具体的なルールの内容は各社の業態にもよると考えられますが、たとえば面談は原則的に日中に行うことや、複数名での面談を原則とすることなどが考えられます。一般に、個別に求職者等と労働者が連絡をとり、求職者等と労働者が1対1で面会する場面においては、就活セクハラが発生しやすいとの指摘があるため、実態を踏まえたルール作りが必要です 4。
相談体制の整備
(1)相談窓口の設置と求職者等への周知
相談窓口をあらかじめ定め、求職者等に周知することが必要です。就活セクハラ防止指針では、以下のような対応が例として記載されています。
- 相談に対応する担当者をあらかじめ定めること
- 相談に対応するための制度を設けること
- 外部の機関に相談への対応を委託すること
- 求職者等に対し、パンフレット、ホームページ等によって、相談窓口を周知すること
相談窓口の設置についてはセクハラ防止指針と共通しますが、求職者等への周知についてはセクハラ防止指針にはない内容であり、事業主において新たな対応が必要な項目です。

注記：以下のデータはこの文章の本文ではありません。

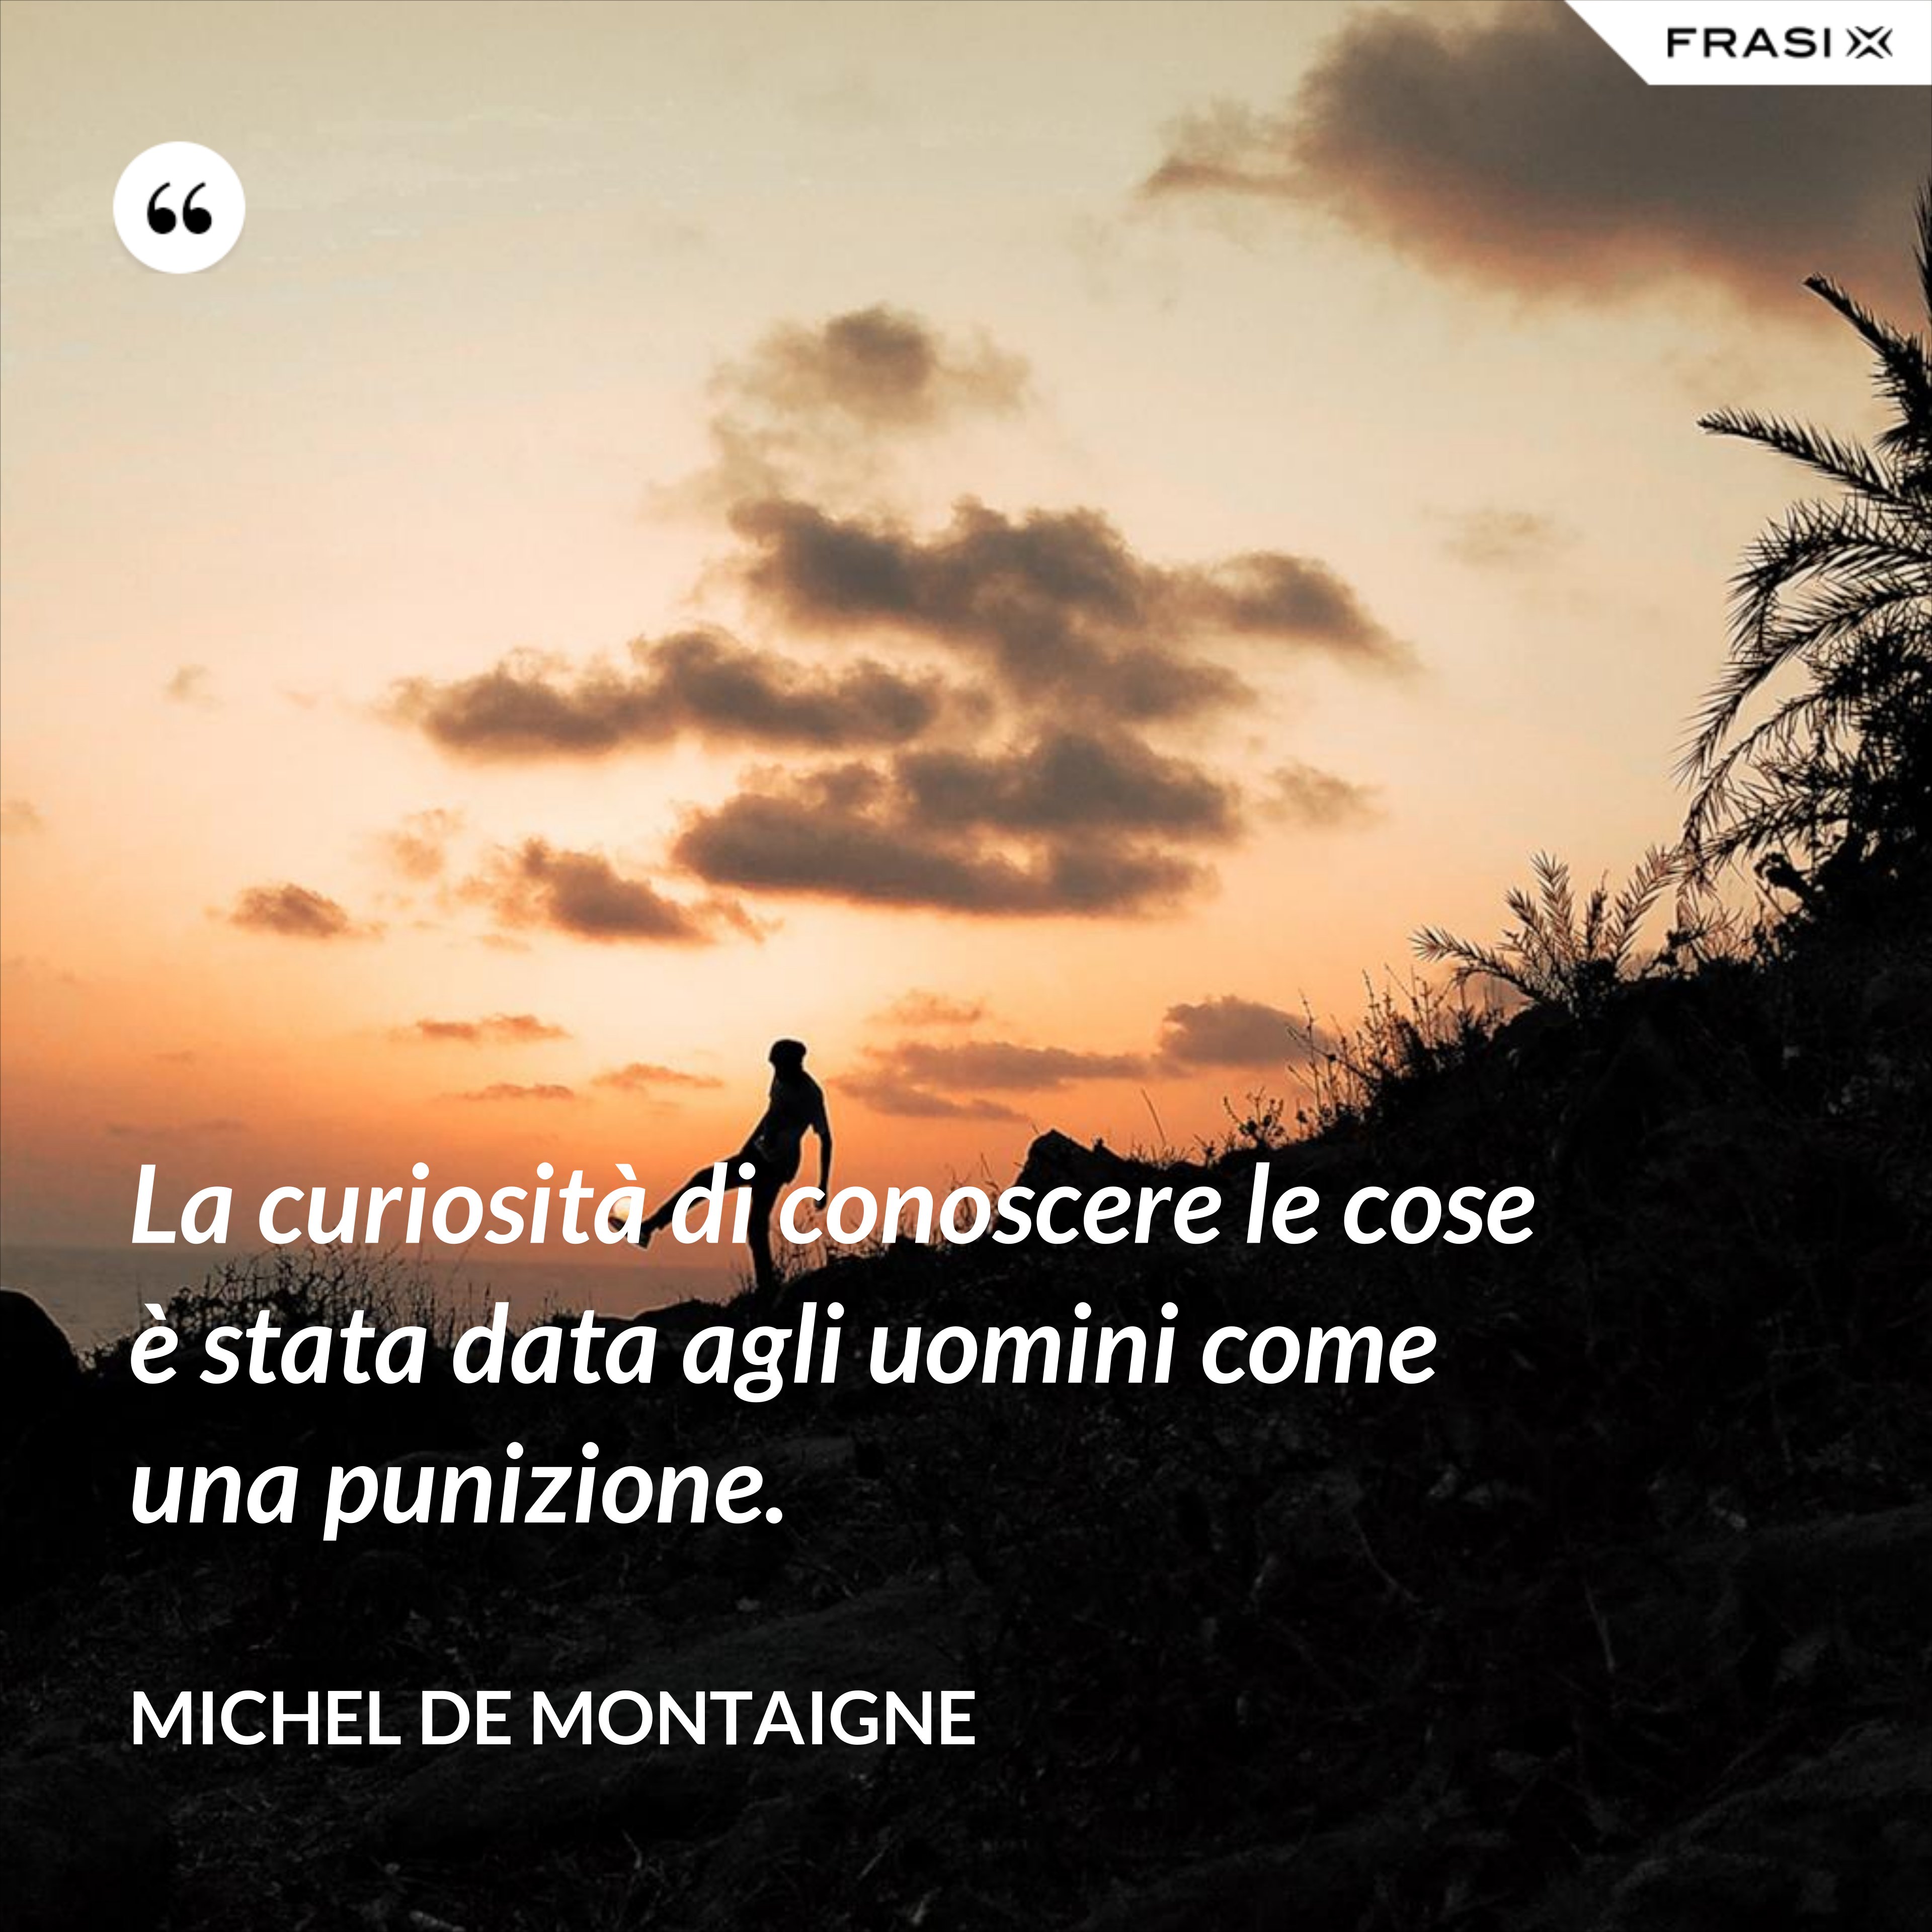 La curiosità di conoscere le cose è stata data agli uomini come una punizione. - Michel de Montaigne

相談窓口については、求職者等が採用業務を取り扱う人事担当者への相談をためらうことも想定されることから、就活セクハラ防止指針では、相談窓口の担当者として人事担当者以外の者を指定することも考えられるとされています。この点は、各社の採用制度ごとに、求職者等が相談をしやすい適切な体制を検討して構築することが必要でしょう。社外の窓口を活用する対応も考えられるところです。
(2)相談窓口担当者の対応体制整備
次に、相談窓口担当者が、相談に対し、その内容や状況に応じ適切に対応できるようにすることが必要です。また、被害者が萎縮するなどして相談を躊躇する例があることも踏まえ、就活セクハラが発生するおそれがある場合や、就活セクハラに該当するか否か微妙な場合であっても、広く相談に対応し、適切な対応を行うことが必要です。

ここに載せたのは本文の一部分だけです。